I Mit der Routine eines Genießers legt Matthias Metzdorf die Apfelschnitze auf den Teller. Das passiert täglich um 10 Uhr und selten eine Minute später. Jetzt gönnt sich der 93-Jährige eine Pause für den Verzehr eines Apfels. „So viel Zeit muss sein“, sagt er. „Mein Vater hat seine Prinzipien, denen er immer treu geblieben ist“, sagt sein 59-jähriger Sohn Karl-Josef Metzdorf, der den Schreinerbetrieb seit 1986 führt. Außer der Apfel-Pause hat Metzdorf nämlich noch ein unumstößliches Prinzip: Warum aufhören, wenn man sich rüstig fühlt und eine Menge Arbeit wartet?

Genau das ist der Grund, warum er trotz seines hohen Alters immer noch gerne jeden Tag in die Werkstatt geht und selbstverständlich im Team mitarbeitet. Maßvoll und kontinuierlich, darauf komme es an.

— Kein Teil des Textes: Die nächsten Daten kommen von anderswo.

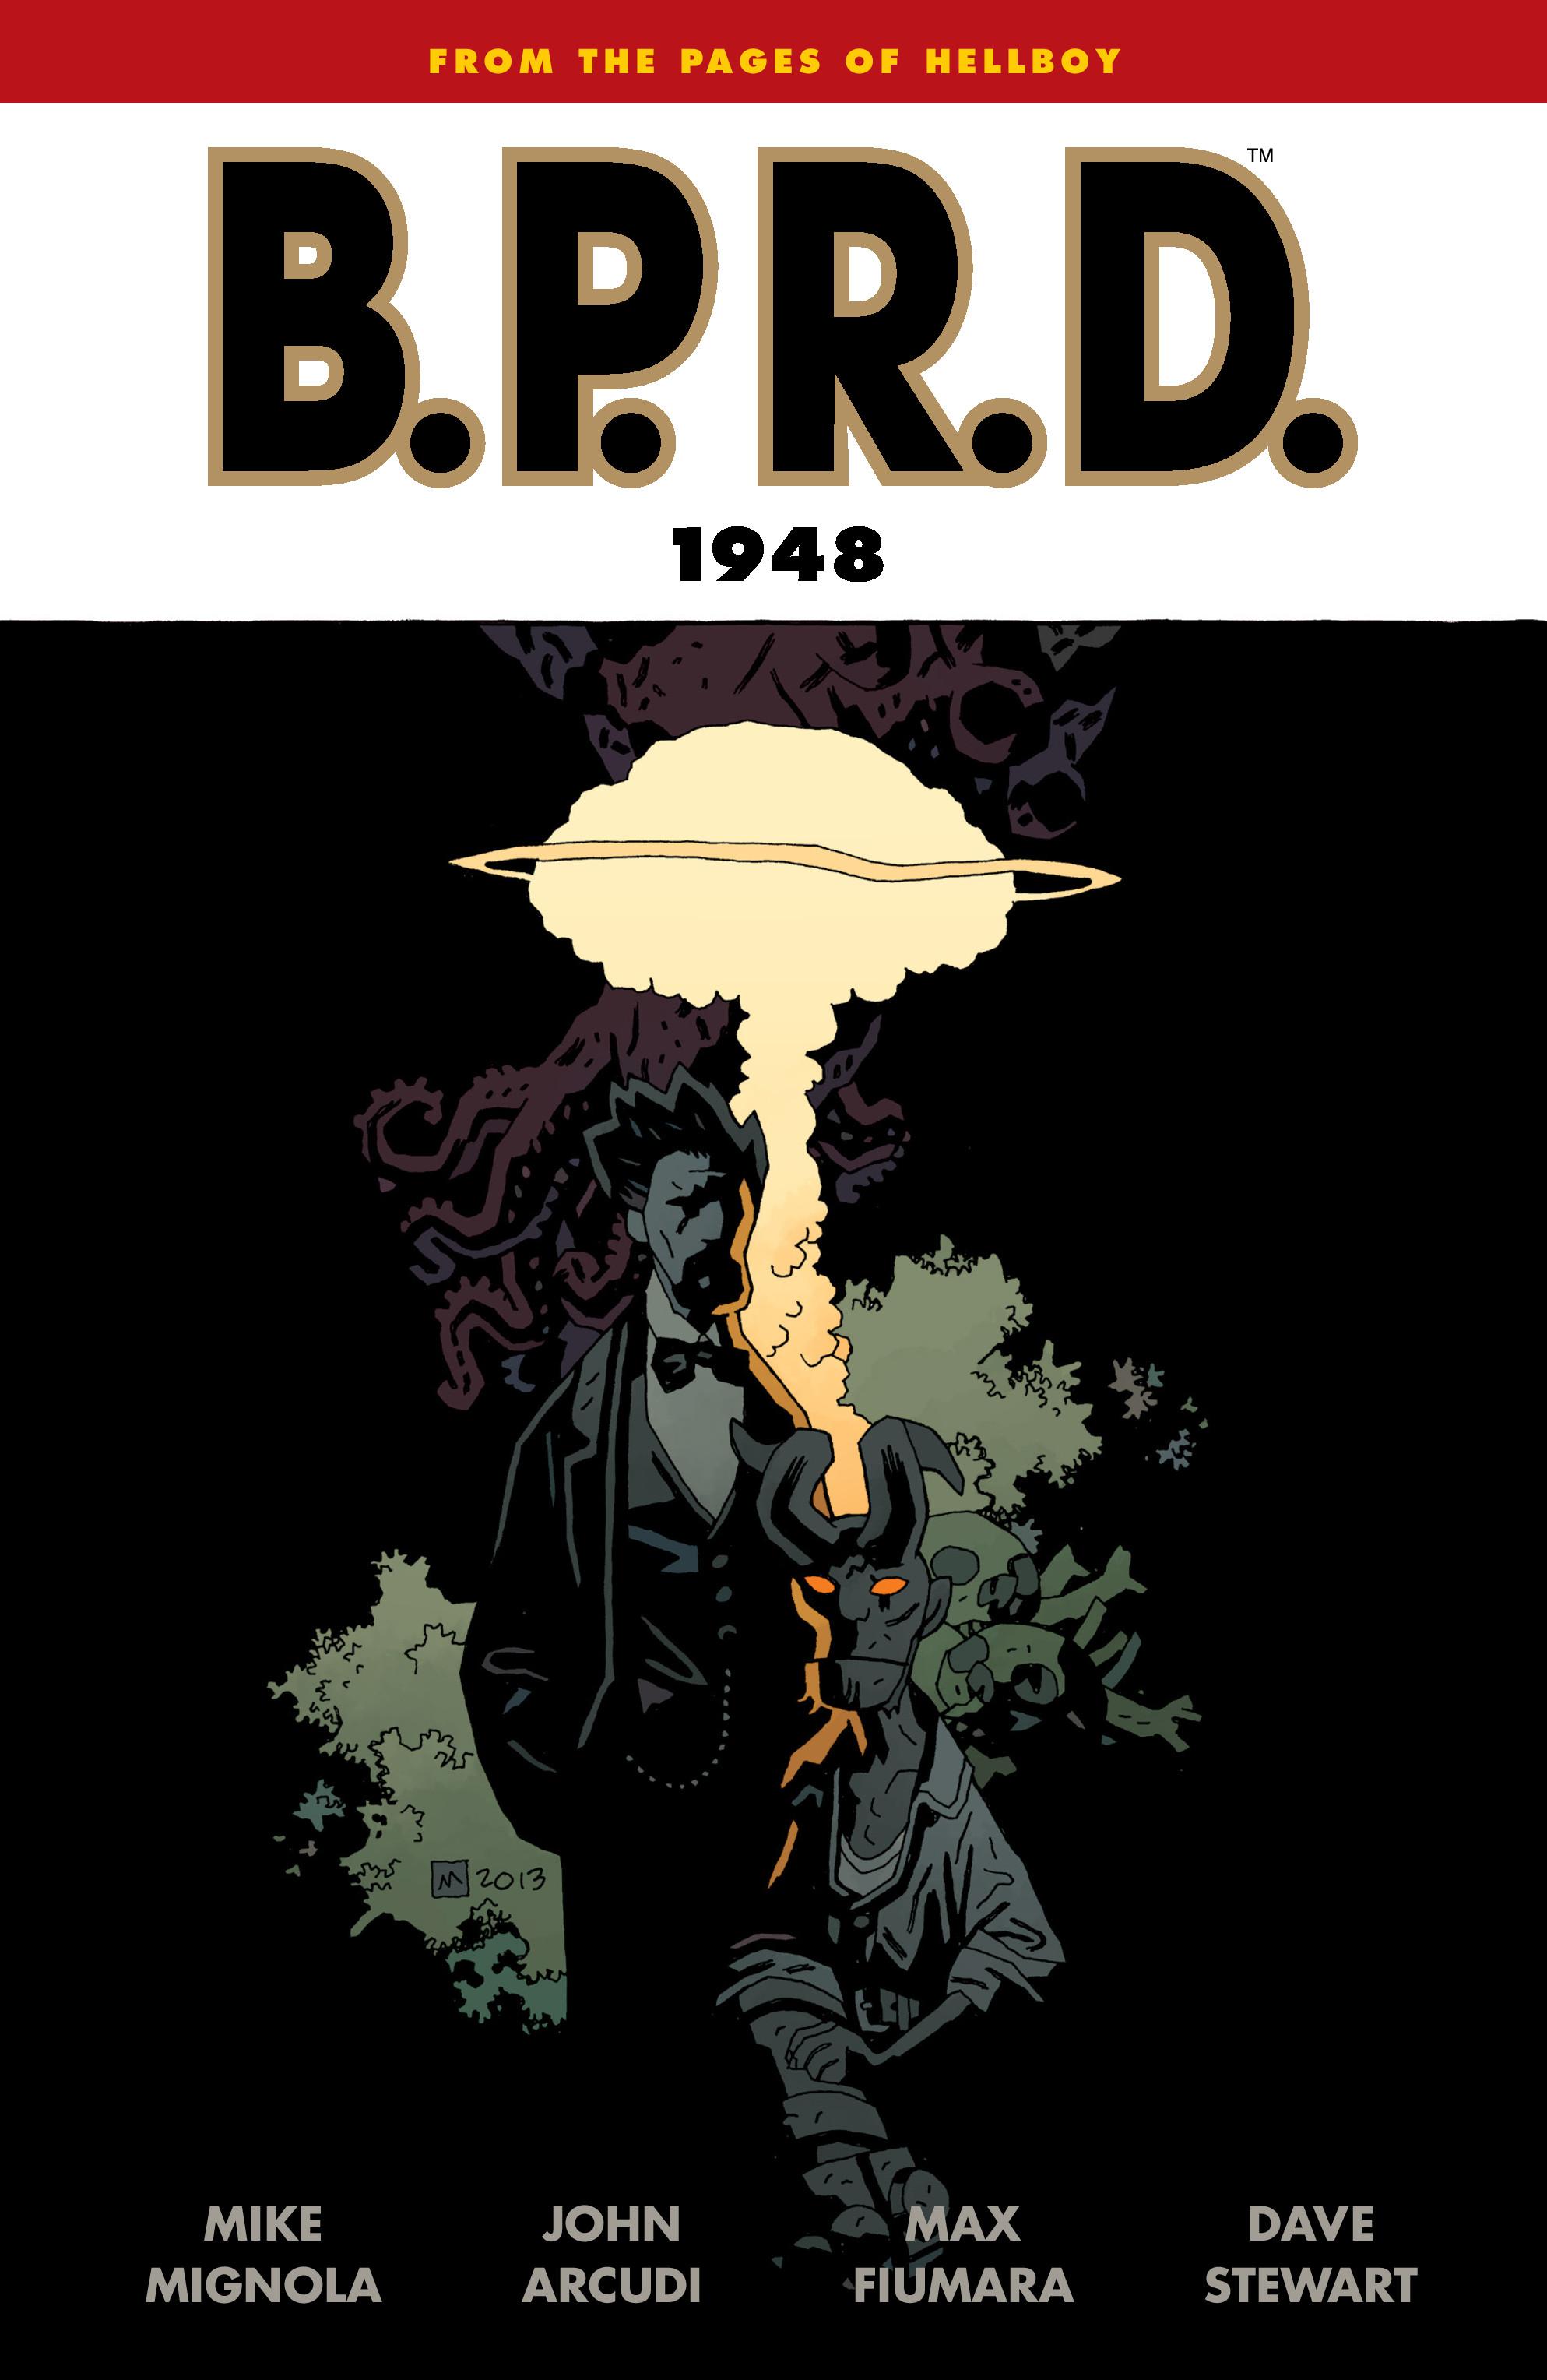 Read online B.P.R.D.: 1948 comic -  Issue # TPB - 1

Straffer Zeitplan hält in Schwung
Damit nicht der Schlendrian einreißt, legt Metzdorf Senior Wert auf einen festen Tagesablauf. Um 7.30 Uhr schließt er die alte Werkstatt auf. Die Arbeit beginnt. Um 10 Uhr eine Viertelstunde Pause mit Apfel – dito. Von 12 bis 13 Uhr Mittagessen und Nickerchen, manchmal im Sitzen. „Ich kann mich nicht erinnern, dass die Mittagspause je ausgedehnt wurde“, sagt sein Sohn. Um 16.30 Uhr kurze Arbeitsunterbrechung für den Verzehr eines süßen Teilchens, gerne Apfelstreusel oder Erdbeerkuchen mit Früchten aus eigenem Garten. Um 19.30 Uhr verlässt Metzdorf die Werkstatt. Er macht Feierabend. Und geht oft noch in den Garten, pflanzt Salat und Bohnen. Oder mäht Rasen und sticht den Löwenzahn aus.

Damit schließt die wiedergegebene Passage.